0.05-1 mol% iodide, based on total silver, comprising a crystallographic plane and at least one {111} crystallographic plane, and with a maximum iodide concentration located closer to the surface than the center of the grain. A radiation-sensitive emulsion comprising: 2. A photographic print element comprising a reflective support and at least one image recording layer emulsion layer unit containing a radiation sensitive emulsion coated on said support, said radiation sensitive emulsion being a dispersion. Comprising a medium and silver iodochloride grains, said silver iodochloride grains comprising three pairs of equally spaced parallel {100}
0.05-1 mol% iodide, based on total silver, comprising a crystallographic plane and at least one {111} crystallographic plane, and with a maximum iodide concentration located closer to the surface than the center of the grain. A photographic print element comprising: 3. Three pairs of equally spaced parallel {1 in a dispersion medium.
A method of preparing a radiation-sensitive silver iodochloride emulsion comprising precipitating silver iodochloride grains having a {00} crystal face and at least one {111} crystal face, the method comprising the steps of: (a)
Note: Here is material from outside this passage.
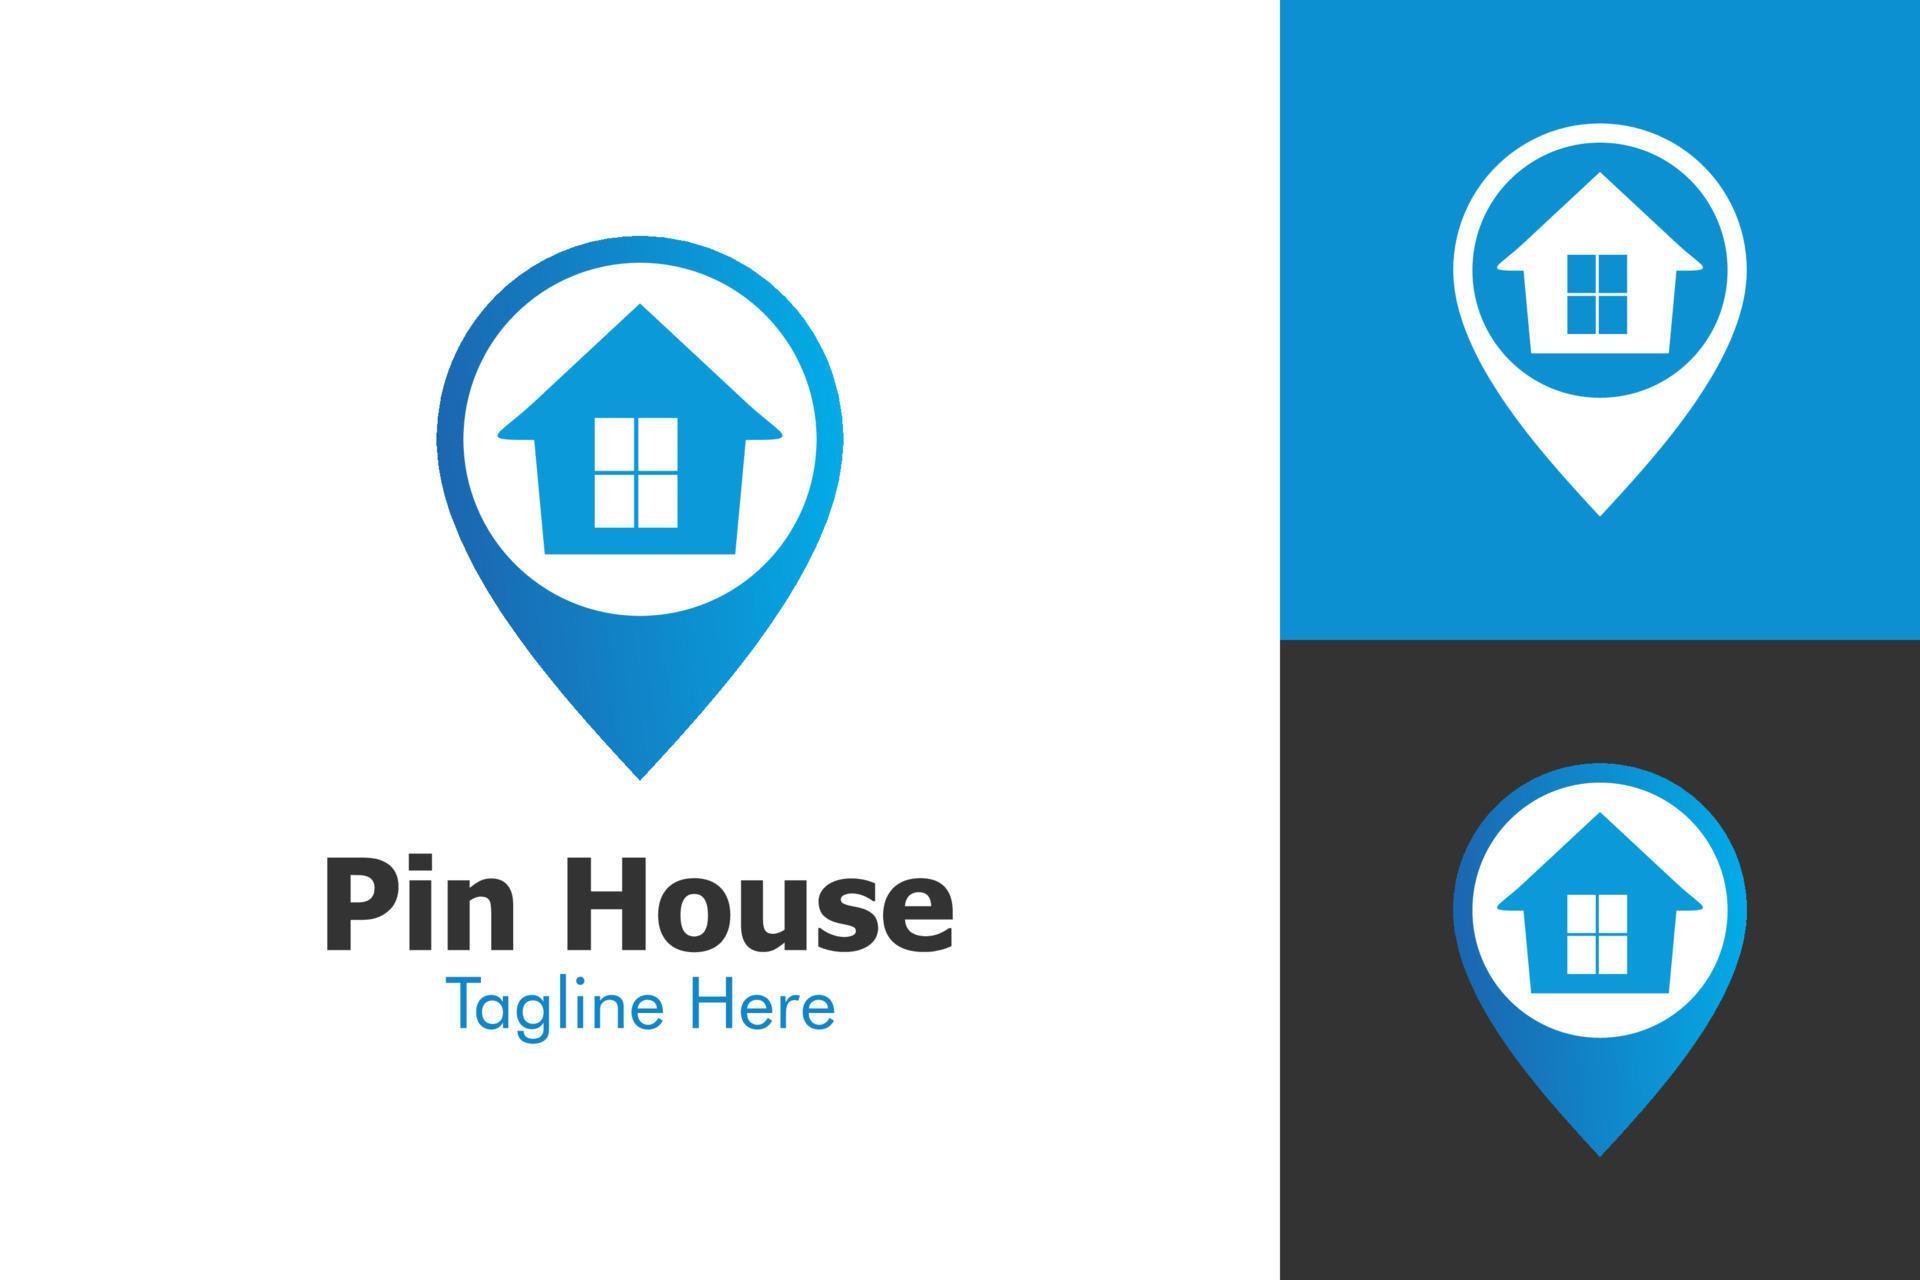 Illustration Vector Graphic Of Pin House Logo Perfect To Use For

At least 50% of the total silver forming the silver iodochloride grains
Base particles occupying the same are grown in the dispersion medium pair, (b)
While continuing to grow on the substrate grains grown in step (a), a maximum iodide concentration is introduced into the growing grains closer to the surface of the grains when they are completely grown than to the center thereof. And (c) when fully grown, the grains contain iodide during growth such that the grains contain 0.05 to 1.0 mole percent iodide, based on total silver forming the silver iodochloride grains. A method for preparing a silver iodochloride emulsion, characterized in that it is incorporated.